• _PROVIDED RECORDS_
>>>>>
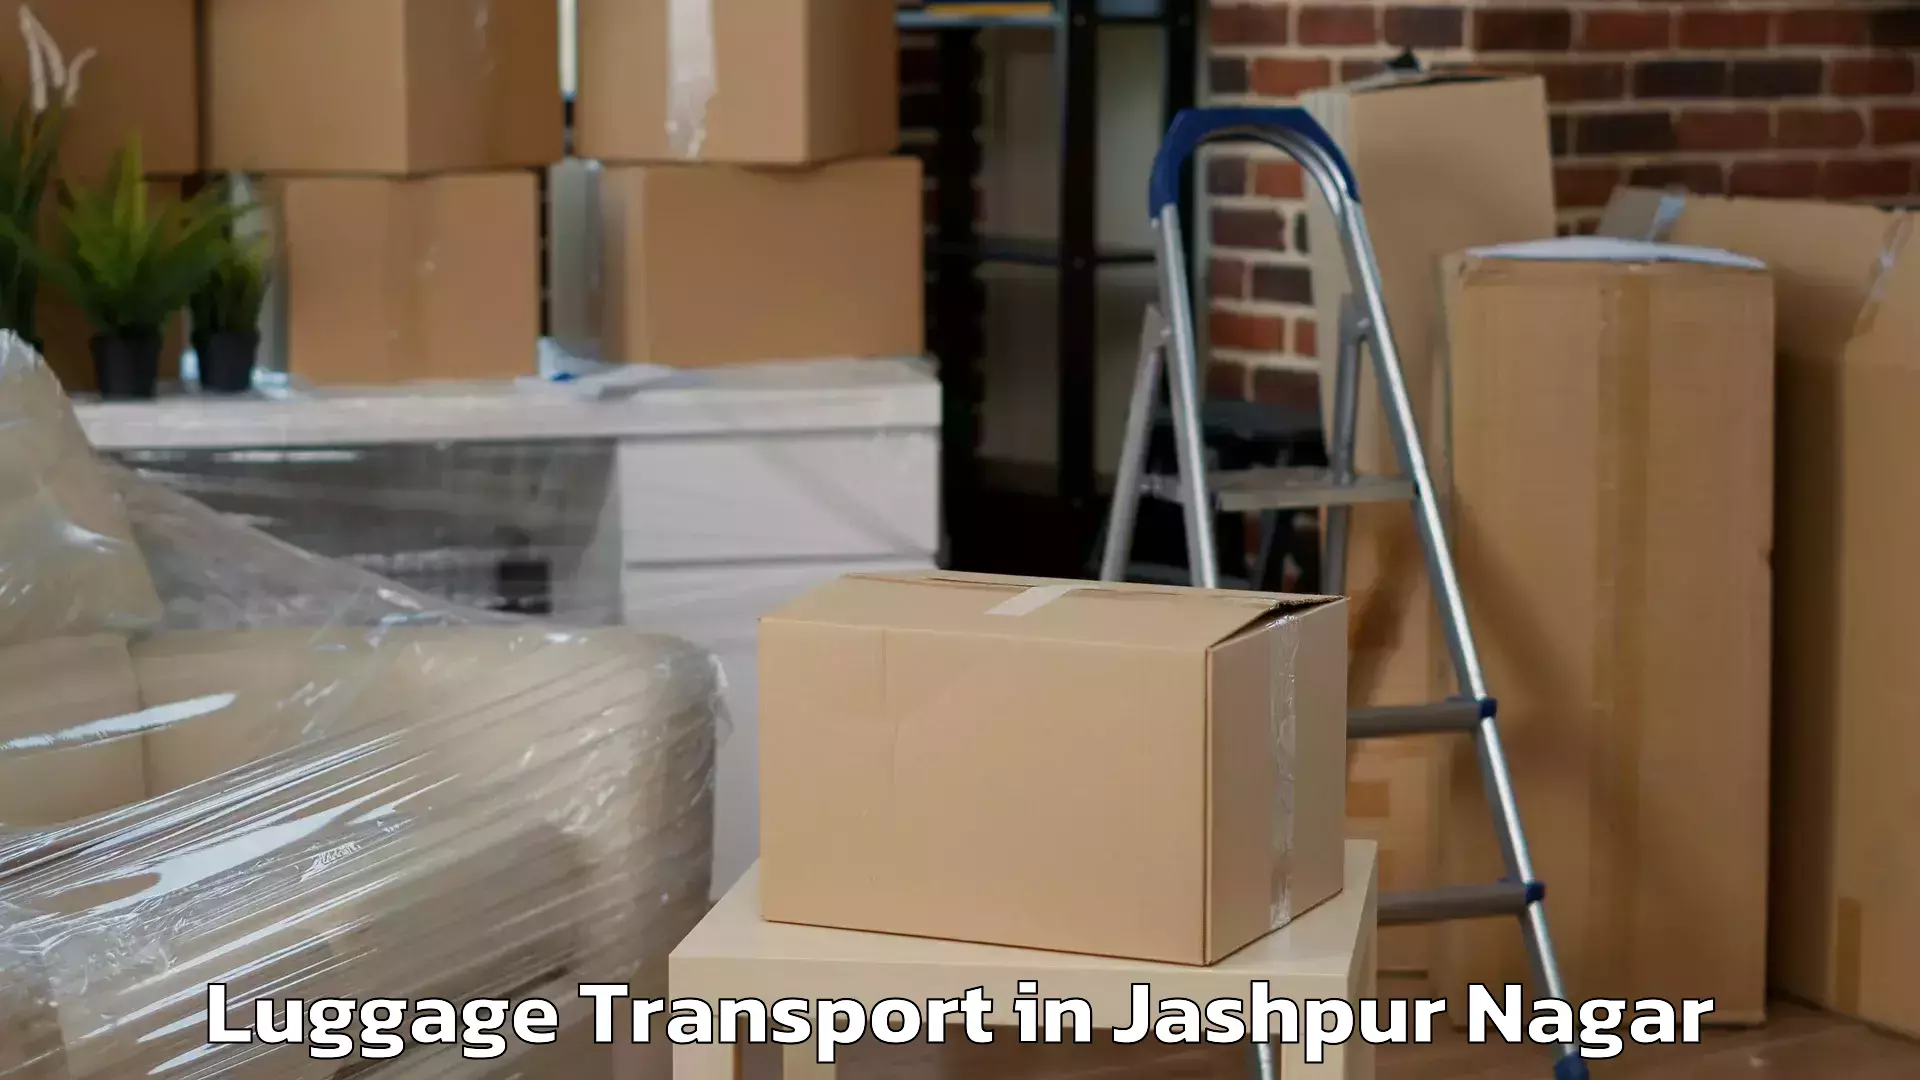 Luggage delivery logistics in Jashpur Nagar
<<<<<
>>>>>
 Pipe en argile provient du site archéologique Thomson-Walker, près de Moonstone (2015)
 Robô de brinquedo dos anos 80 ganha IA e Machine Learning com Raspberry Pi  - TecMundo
<<<<<
>>>>>
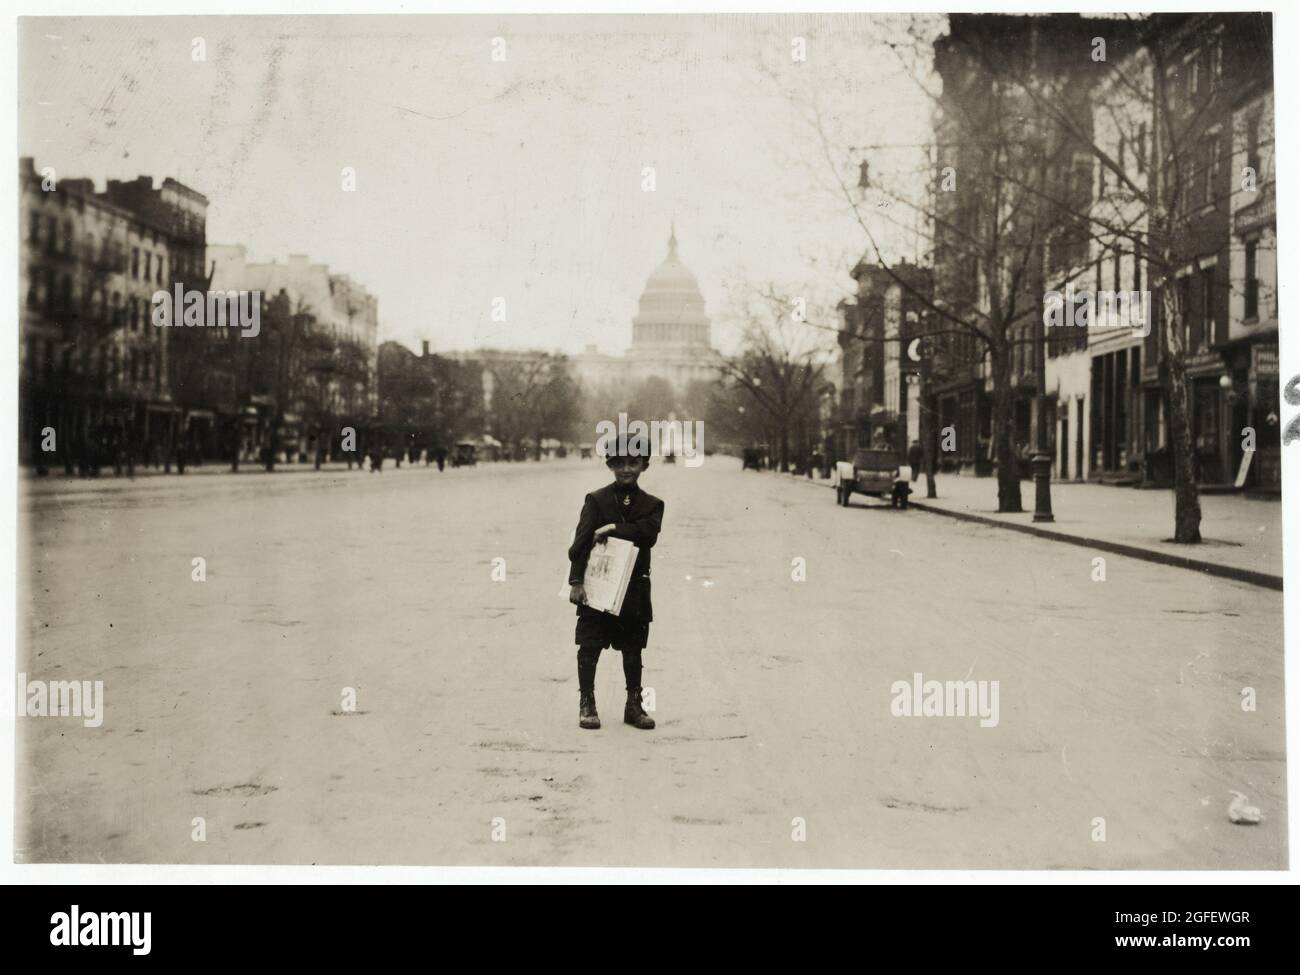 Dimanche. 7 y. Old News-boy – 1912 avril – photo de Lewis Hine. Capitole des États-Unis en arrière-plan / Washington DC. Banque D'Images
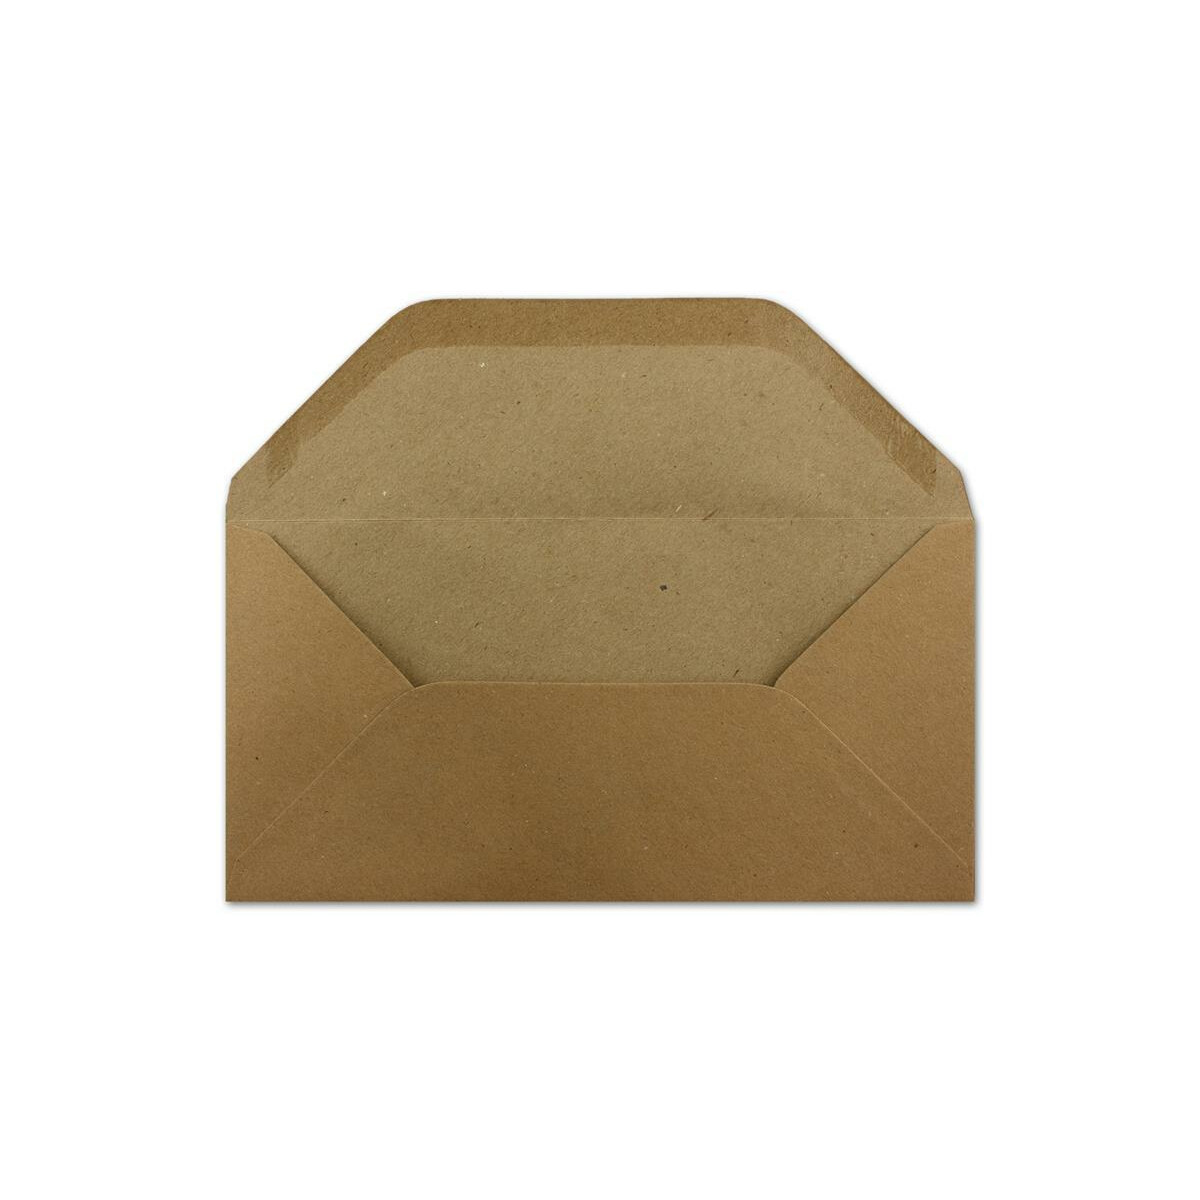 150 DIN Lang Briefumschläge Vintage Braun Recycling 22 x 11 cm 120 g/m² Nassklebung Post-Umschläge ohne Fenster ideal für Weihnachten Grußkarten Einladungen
<<<<<
After locating the line containing "Dimanche. 7 y." in the entries above, return it and every line after it exactly, ending at the line containing "150 DIN Lang", without pictures.

• _EXPECTED OUTPUT_
 Dimanche. 7 y. Old News-boy – 1912 avril – photo de Lewis Hine. Capitole des États-Unis en arrière-plan / Washington DC. Banque D'Images
 150 DIN Lang Briefumschläge Vintage Braun Recycling 22 x 11 cm 120 g/m² Nassklebung Post-Umschläge ohne Fenster ideal für Weihnachten Grußkarten Einladungen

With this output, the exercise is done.